Beginning with the line that holds "コンピューターを使用するミッ" and ending with the last line below, repeat each line exactly, leaving any pictures out.
[[ Data extract, beginning ]]
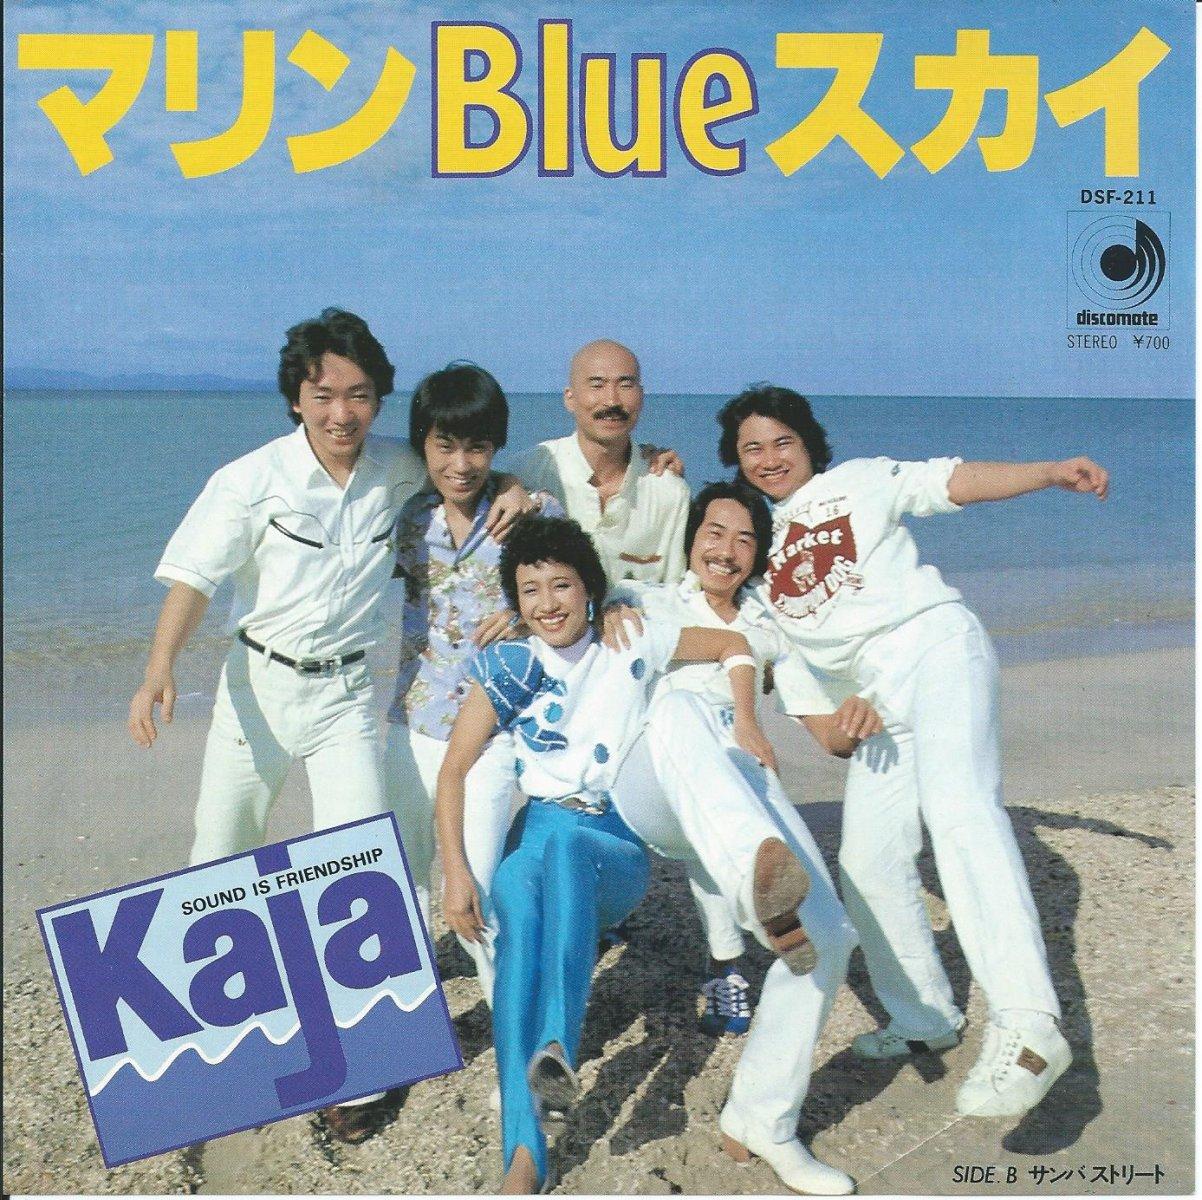 カヤ KAJA / マリン BLUE スカイ / サンバ ストリート (7
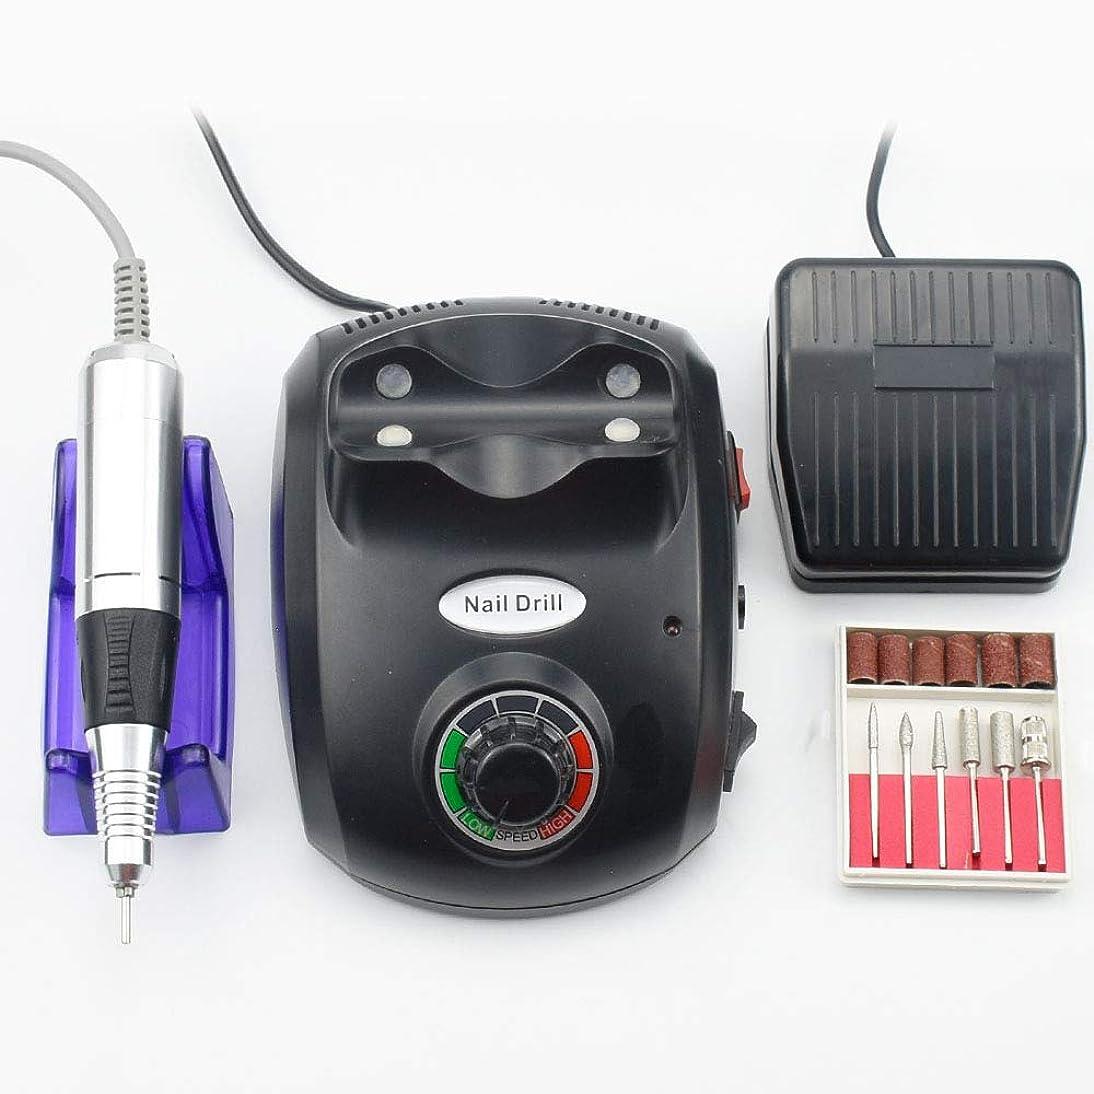 コンピューターを使用するミッションハンディ35000RPMネイルドリル電動マニキュア機ネイルアートマシン機器機器ネイルアート用電動ネイルファイルカッター
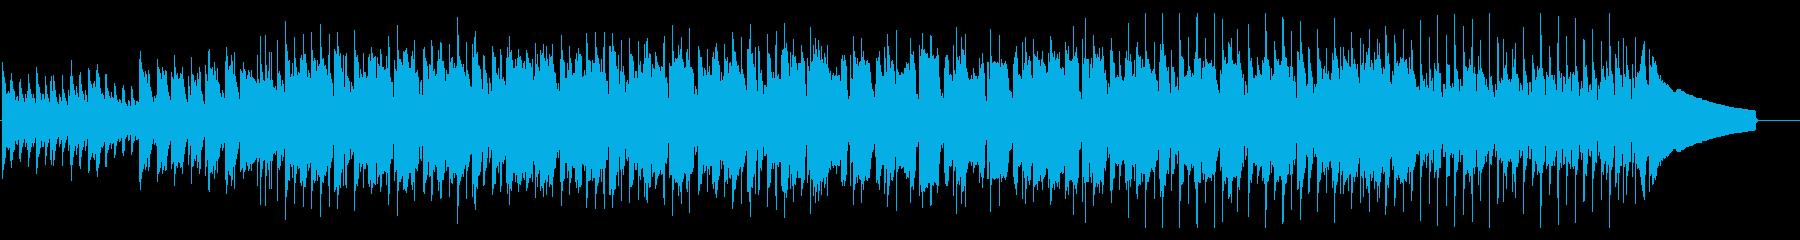 お散歩するような動画向けわくわくポップスの再生済みの波形
[[ Data extract, end ]]
## The completed task
 コンピューターを使用するミッションハンディ35000RPMネイルドリル電動マニキュア機ネイルアートマシン機器機器ネイルアート用電動ネイルファイルカッター
 お散歩するような動画向けわくわくポップスの再生済みの波形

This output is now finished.